Triboelectric based high-precision self-powering cage skidding sensor and application on main bearing of jet engine

Abstract

Monitoring the dynamic behavior of rolling bearings is important to ensure the reliability of rotating machinery. In this study, a novel, high-precision, self-powering triboelectric bearing skidding sensor (HP-TEBSS) is developed for the real-time monitoring of bearing skidding degree and cage stability characteristics. A floating sweeping, freestanding mode is adopted to ensure long-term reliability, and the HP-TEBSS does not affect the bearing structure and dynamic behavior. The proposed sensor consists of an interdigital electrode plate, a dielectric ring with a protruding surface, and a fixed ring. The dielectric ring, which is pasted to the side surface of the integral copper cage, rotates synchronously with the cage and sweeps to the electrode plate.
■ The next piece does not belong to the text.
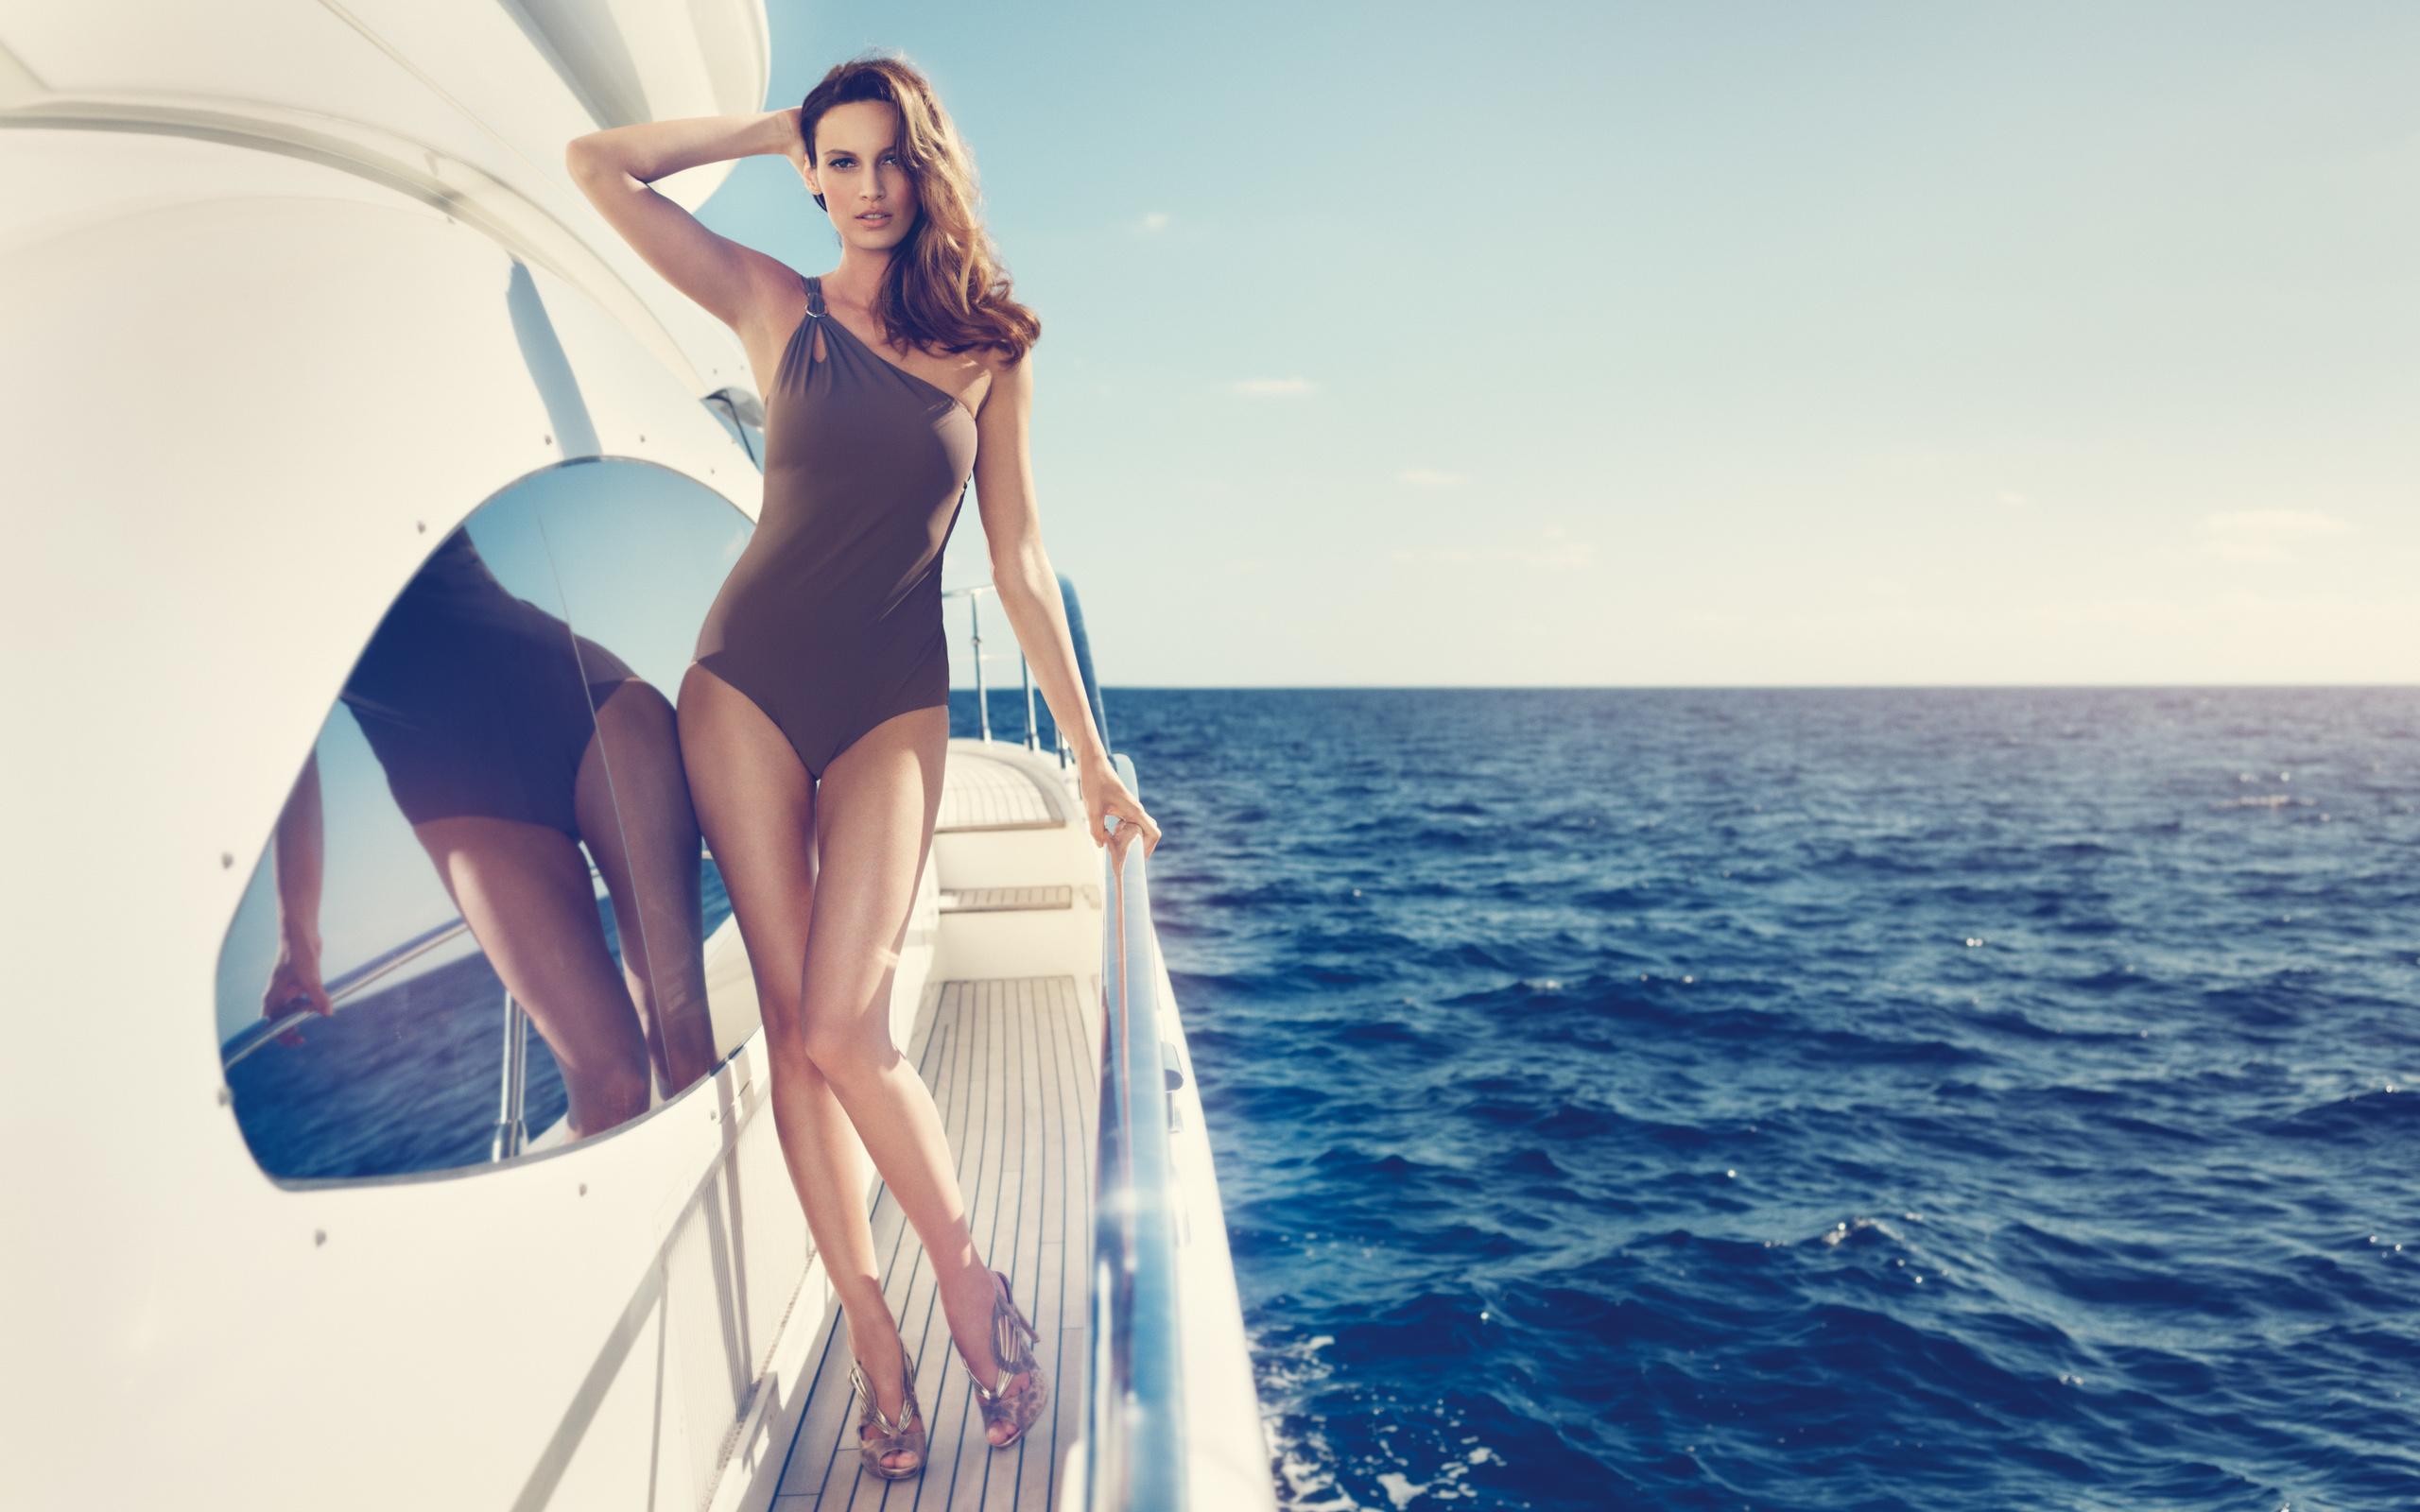 Женщина на яхте картинки фото, оральный секс фото онлайн

The HP-TEBSS generates Ne (number of electrode finger pairs) times of instantaneous cage speed information than that of commercial sensor, and the deviation between these two sensors is less than 1%. This shows the advanced real-time performance and monitoring accuracy of the proposed sensor. Experiments are conducted under variable working conditions with different structural parameters to optimize the sensor output performance. The self-powering and 50 h durability capabilities of the HP-TEBSS are demonstrated. Bearing skidding and cage rotation stability under variable spindle rotation speeds and bearing axial loads are systematically evaluated. It was found that in the light-load range, the skidding degree showed an increasing trend as the speed increased, whereas it showed the opposite trend under the heavy-load range. The monitoring results of cage speed fluctuations, which indicate running stability, provide recommendations for preventing bearing operation in the vulnerable range. Furthermore, the proposed bearing dynamic model is validated using the HP-TEBSS test results to demonstrate the wide applicability, high portability, and high-speed performance of the HP-TEBSS prototype. The application of the HP-TEBSS on a high-speed jet engine test bench is analyzed. It is found that cage skidding shows a certain degree of hysteresis in the deceleration stage, as compared to the acceleration stage, owing to cage inertia. Finally, theoretical and experimental aspects of the presented self-powering multifunctional HP-TEBSS that can be applied in the smart rolling bearing field are presented.